Thanks for the Babich reference. It's not been widely reviewed on the internet--I can remember searching for material on it a while back and finding very little on it. It seems to have dropped off the radar. Have you read it? What is it like?

Yeah, you are probably right: there is no systematic, unified "Anglo-American interpretation" of Nietzsche, just as there is no unifed continental reading of Nietzsche.

I meant basically a failure by the different "Anglo-American" to engage with the "Continental" readings as well as an indifference to Heidegger's reading of Nietzsche.

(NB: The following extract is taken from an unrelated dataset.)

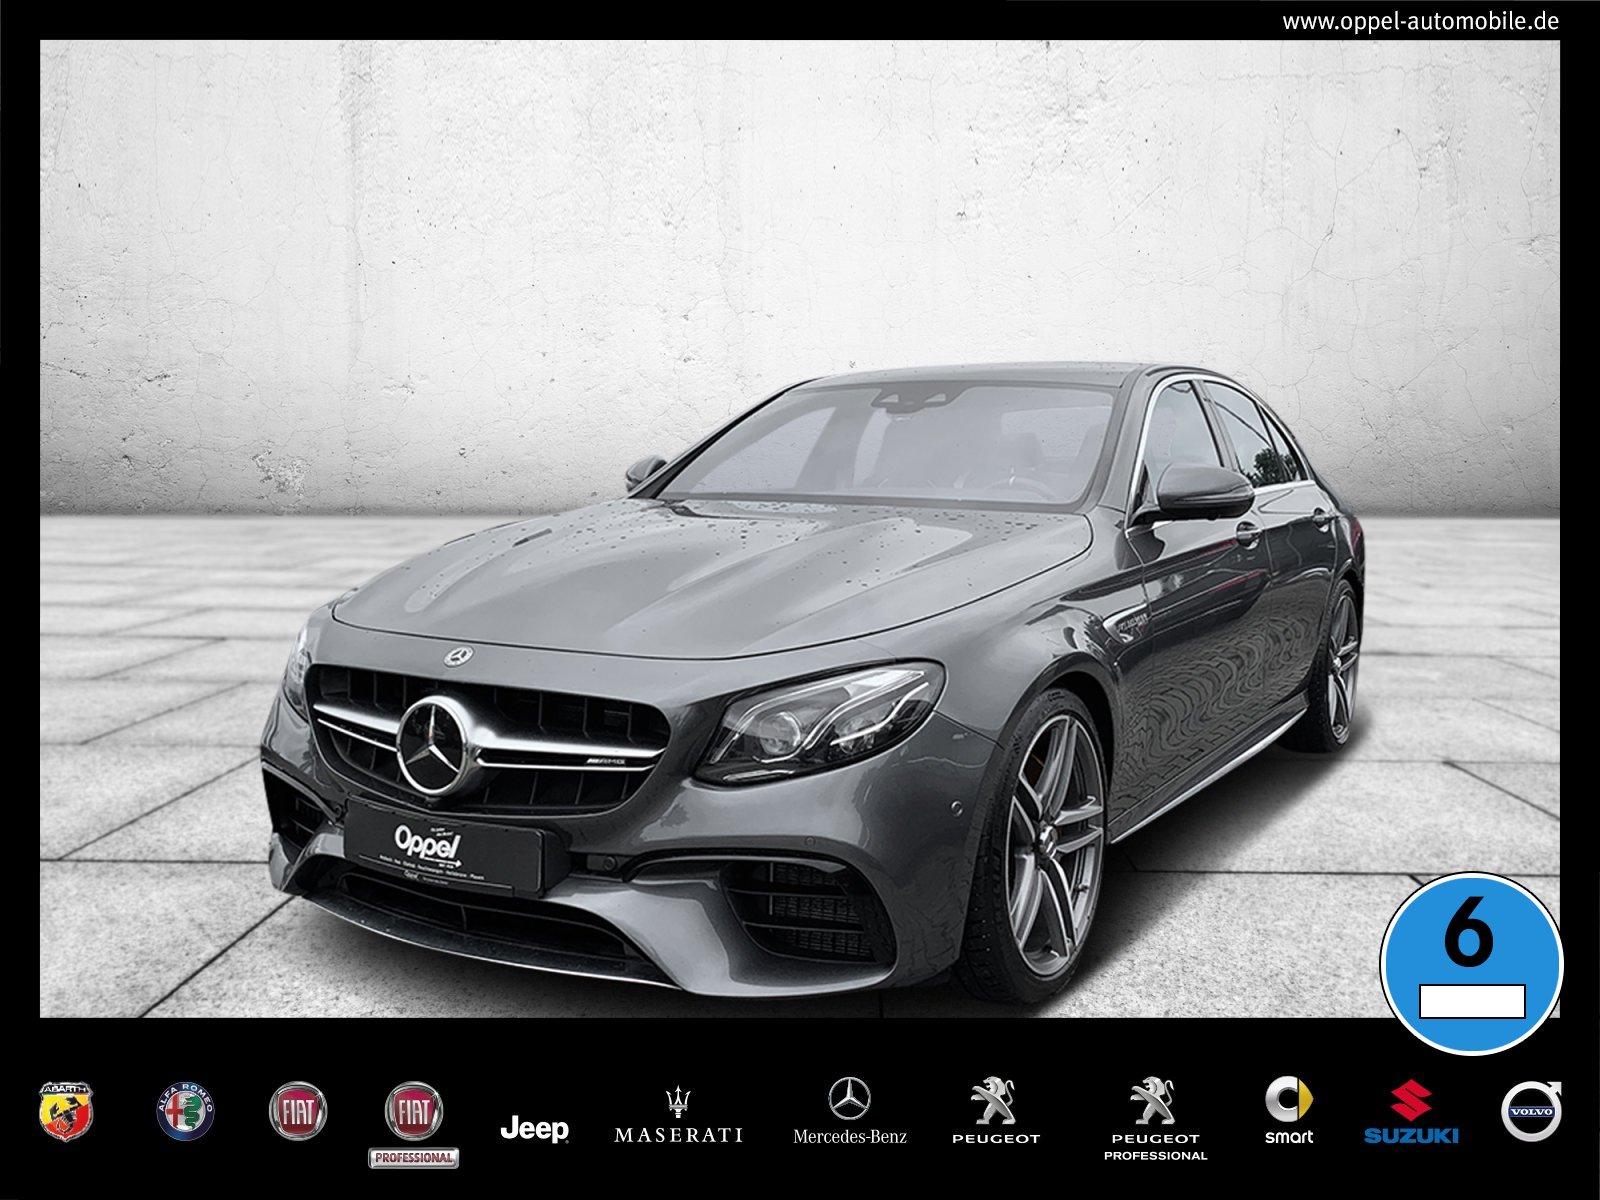 Mercedes-Benz AMG E 63 S 4Matic KERAMIKBREMSE+LED+360°+SITZH.+, Jahr 2018, Benzin

I concur with you that Heidegger's reading interprets Nietzsche as the culmination and end-point of Western subjectivism and the forgetting of being we call "metaphysics". That's what makes it an interesting reading.

But then the later Heidegger opens up a counter way of thinking to this technological metaphysics. How does this refer to the ontology of becoming?

Whilst I agree with your project---- significant portion of the work of Nietzsche, Adorno, Marcuse, Foucault, and Deleuze for the "pragmatist" Enlightenment I would argue for Heidegger's inclusion.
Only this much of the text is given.